Day 11: Blur
It was pitch black and we were still a couple hours outside of Portland.
We’d been driving all day. Me, my younger brother, and my parents. Driving up from California to visit an uncle in Oregon.
I don’t remember the buildup. Things must’ve been tense. We might’ve been arguing. Maybe my parents weren’t getting along.
But we were hungry. And either we stopped for food now or we might not eat until midnight.
My dad took the turnoff to Crater Lake — an old volcano now holding an inky blue lake, with an island in the middle. It’s popular with tourists. There was bound to be food.
We parked in the big lot at the top of the winding road. It was summer. But it was cold up there. And wet. We shivered as we walked to the restaurant.
Inside there were several roaring fireplaces. Fancy chandeliers hung from the ceiling. Moose, bears and foxes stuck their glassy-eyed heads from the walls.
There was elk on the menu. And it was expensive.
Now, this is not a horror story. But sitting there in that restaurant, I was scared.
It wasn’t the darkness or the creepy decor. It was the prices.
Five years earlier, at 17 years old, I had applied to college. And in my application essay I wrote about feeling guilty. I felt sorry that it had cost my parents so much to send me to school. And that even before my four years of college, I felt I’d been a burden.
So as we sat at the table looking over the menu, I started crying. And then crying I got up from the table, walked outside, and sat in the parking lot alone. My appetite was gone.
It scared me to death that we were going to pay to eat dinner there. I was afraid that we were going to go broke. I had a nervous breakdown. And I literally would have felt more comfortable not eating than spending $25 or $30 on an entrée.
Now, you might see a baby start crying at dinner and think “that’s totally normal.”
But a 21-year-old? That’s not a normal reaction.
Back then I barely knew what the word “trauma” meant. And I sure as hell never would’ve thought it could apply to me.
But that’s exactly what that was: trauma.
Sitting in that restaurant, looking at that menu, facing the prospect of spending that much on dinner, and feeling as I did about money — it was way more than I could handle.
To me it felt like something very, very bad I was going to happen. That we were deeply unsafe and we were about to go over the edge. We were teetering on the brink, and I could’t save us.
You could say I was being “too sensitive.” That everything was fine. I was safe. Nothing was going to happen.
But crying doesn’t happen without reason. Fear isn’t arbitrary. Nor is anger or shame or guilt. Or joy for that matter.

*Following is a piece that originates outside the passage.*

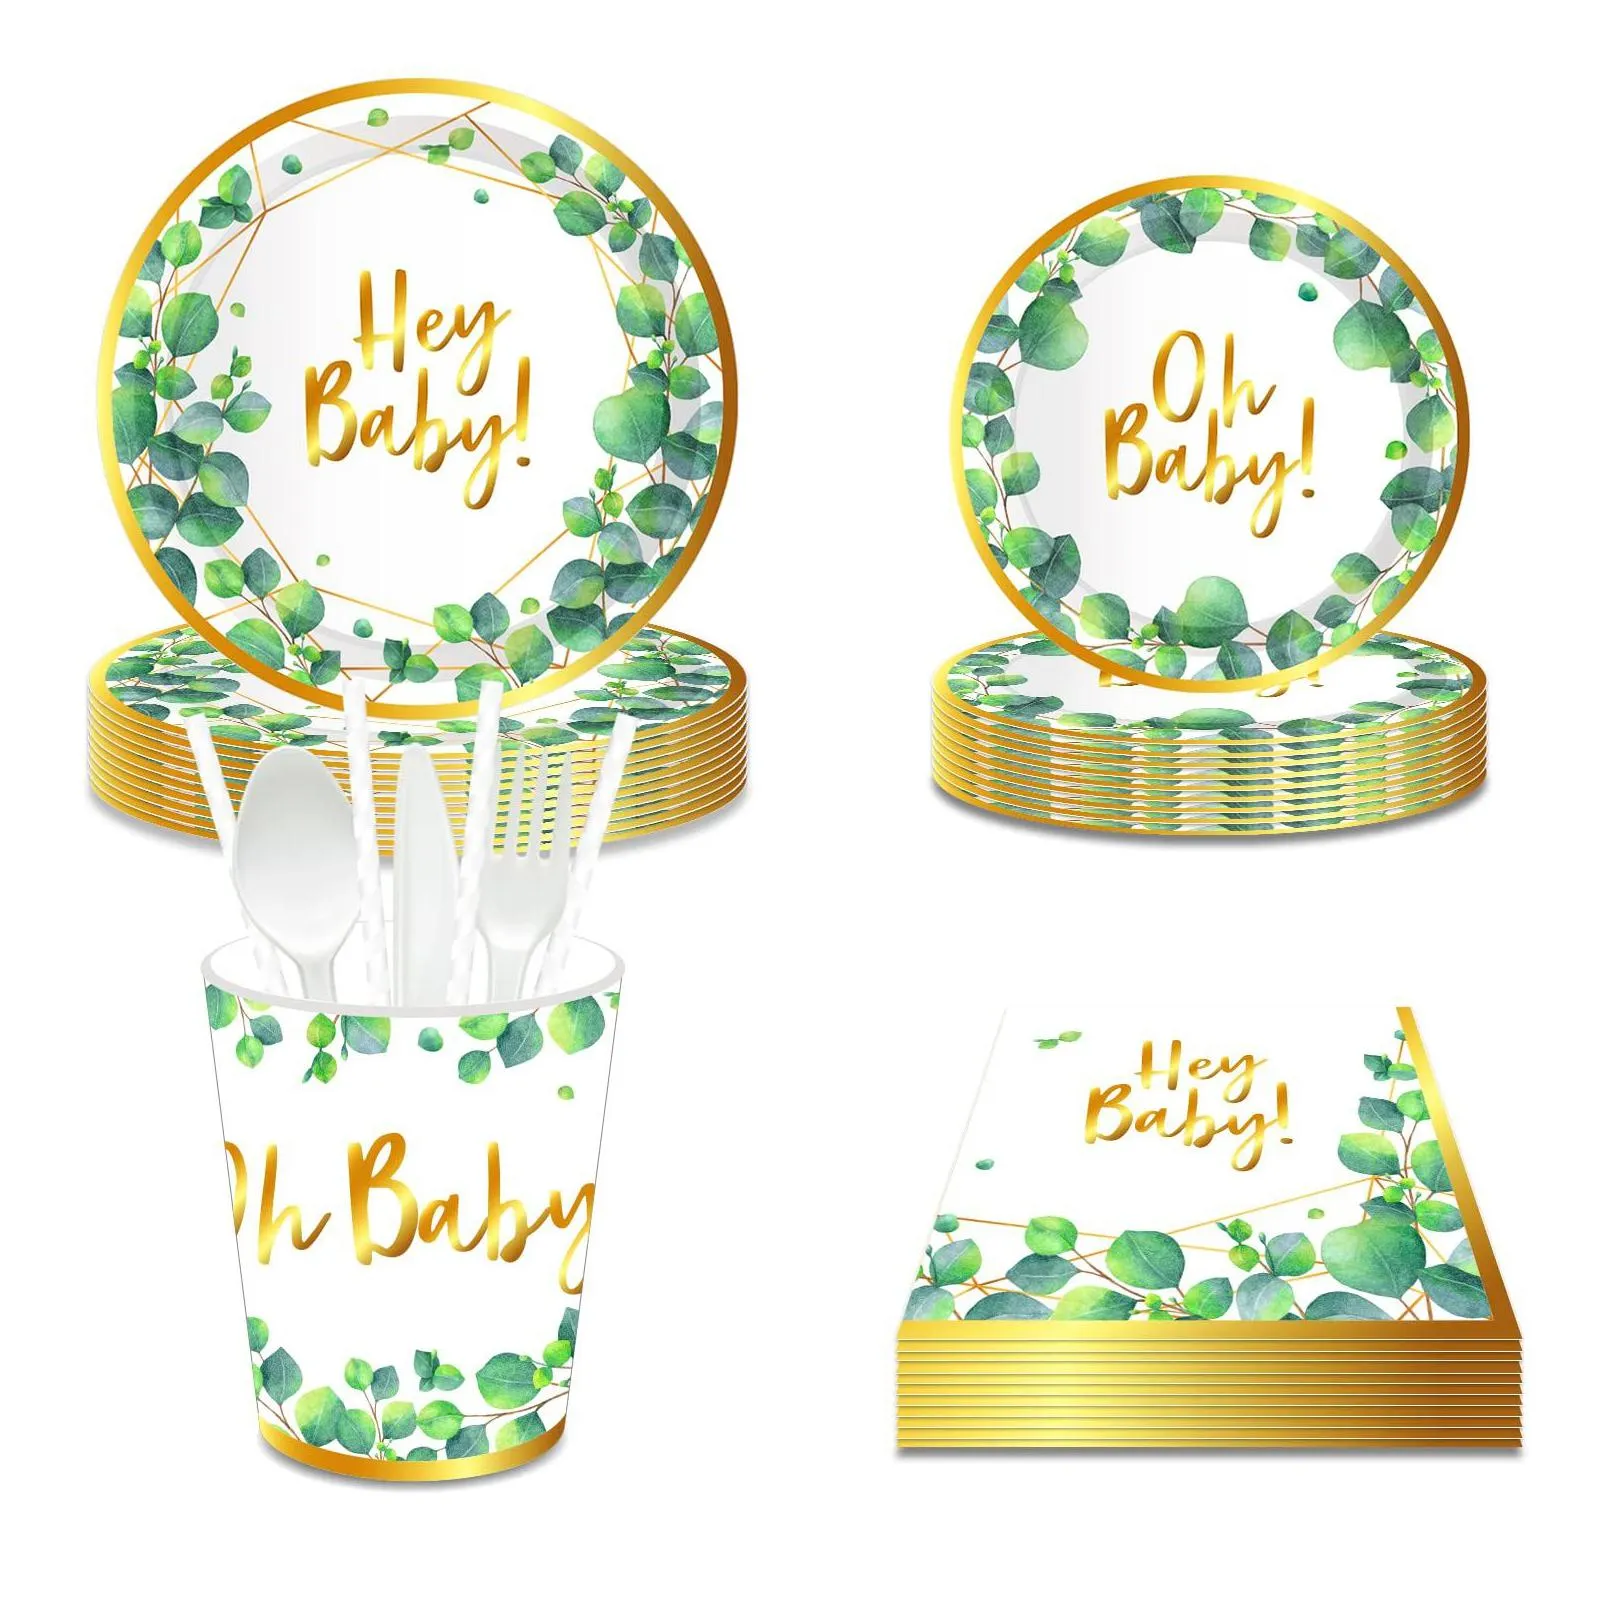 eucalyptus plates hey baby plates oh baby plates and napkins baby shower birthday plates green floral party supplies serves 8 guests for plates napkin cups

Looking back, I think my tears were a reflection of what my parents were feeling. Maybe there was something going on with mom and dad that they weren’t showing.
They wouldn’t express it, they wouldn’t acknowledge it, so I had to do it for them.
I was the dam that had to break. I was the weakest link. I was sensitive to how they felt, and I became the container for all they didn’t want to address.
But my container was too small. And in that moment I overflowed.
Sensitivity isn’t always a gift. And maybe most of the time it isn’t.
Because sometimes you feel way too much — feelings that aren’t even yours to feel.
And when that happens, the lines between you and other people begin to blur. And you start to wonder, “What’s actually me?”